- _WORK TO BE COMPLETED_
From the line that contains "இந்தியா vs தென்னாப்பிரிக்கா" through the line that contains "ZS Strings Maggini", output every line of the listing below exactly and leave out all the rest.

- _PROVIDED INFORMATION_
'''

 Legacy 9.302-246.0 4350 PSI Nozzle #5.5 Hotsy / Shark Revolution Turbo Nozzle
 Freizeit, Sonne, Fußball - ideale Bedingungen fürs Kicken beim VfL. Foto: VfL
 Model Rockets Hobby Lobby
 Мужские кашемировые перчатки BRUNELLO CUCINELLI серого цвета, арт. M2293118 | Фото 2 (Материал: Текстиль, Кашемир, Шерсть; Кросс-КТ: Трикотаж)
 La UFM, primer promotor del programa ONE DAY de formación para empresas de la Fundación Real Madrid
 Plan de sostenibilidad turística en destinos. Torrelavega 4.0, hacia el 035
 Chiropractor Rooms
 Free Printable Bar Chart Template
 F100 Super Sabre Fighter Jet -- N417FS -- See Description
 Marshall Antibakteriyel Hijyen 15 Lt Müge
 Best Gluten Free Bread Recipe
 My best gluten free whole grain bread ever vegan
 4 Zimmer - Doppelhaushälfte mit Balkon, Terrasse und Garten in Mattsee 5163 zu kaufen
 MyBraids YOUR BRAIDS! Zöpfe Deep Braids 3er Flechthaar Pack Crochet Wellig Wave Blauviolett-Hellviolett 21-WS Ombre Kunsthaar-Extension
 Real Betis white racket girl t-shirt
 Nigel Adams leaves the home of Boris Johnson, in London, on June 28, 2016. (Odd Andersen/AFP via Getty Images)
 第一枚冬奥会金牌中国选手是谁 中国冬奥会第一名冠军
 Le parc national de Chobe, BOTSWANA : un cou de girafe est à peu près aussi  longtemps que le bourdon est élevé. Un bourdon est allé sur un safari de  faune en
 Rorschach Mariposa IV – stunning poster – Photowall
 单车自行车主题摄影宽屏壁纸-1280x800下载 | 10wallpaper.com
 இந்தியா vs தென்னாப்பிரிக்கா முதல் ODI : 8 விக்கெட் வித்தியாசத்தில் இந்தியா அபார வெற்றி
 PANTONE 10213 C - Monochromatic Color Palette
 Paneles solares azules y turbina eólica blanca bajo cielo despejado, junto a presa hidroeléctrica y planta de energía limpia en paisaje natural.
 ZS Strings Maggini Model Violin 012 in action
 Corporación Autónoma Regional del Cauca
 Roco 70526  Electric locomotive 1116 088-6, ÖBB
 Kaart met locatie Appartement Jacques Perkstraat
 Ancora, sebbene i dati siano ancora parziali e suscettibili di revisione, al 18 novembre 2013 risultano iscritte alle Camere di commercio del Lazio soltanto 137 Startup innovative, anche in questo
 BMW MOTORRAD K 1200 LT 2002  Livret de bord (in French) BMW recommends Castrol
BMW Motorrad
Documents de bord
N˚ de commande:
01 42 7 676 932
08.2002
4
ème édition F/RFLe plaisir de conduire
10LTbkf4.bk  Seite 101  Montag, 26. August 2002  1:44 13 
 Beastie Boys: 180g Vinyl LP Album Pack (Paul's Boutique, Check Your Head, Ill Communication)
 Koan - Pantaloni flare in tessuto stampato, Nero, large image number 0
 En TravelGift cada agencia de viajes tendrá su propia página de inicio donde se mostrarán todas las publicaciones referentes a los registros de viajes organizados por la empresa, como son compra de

'''

- _TASK OUTPUT_
 இந்தியா vs தென்னாப்பிரிக்கா முதல் ODI : 8 விக்கெட் வித்தியாசத்தில் இந்தியா அபார வெற்றி
 PANTONE 10213 C - Monochromatic Color Palette
 Paneles solares azules y turbina eólica blanca bajo cielo despejado, junto a presa hidroeléctrica y planta de energía limpia en paisaje natural.
 ZS Strings Maggini Model Violin 012 in action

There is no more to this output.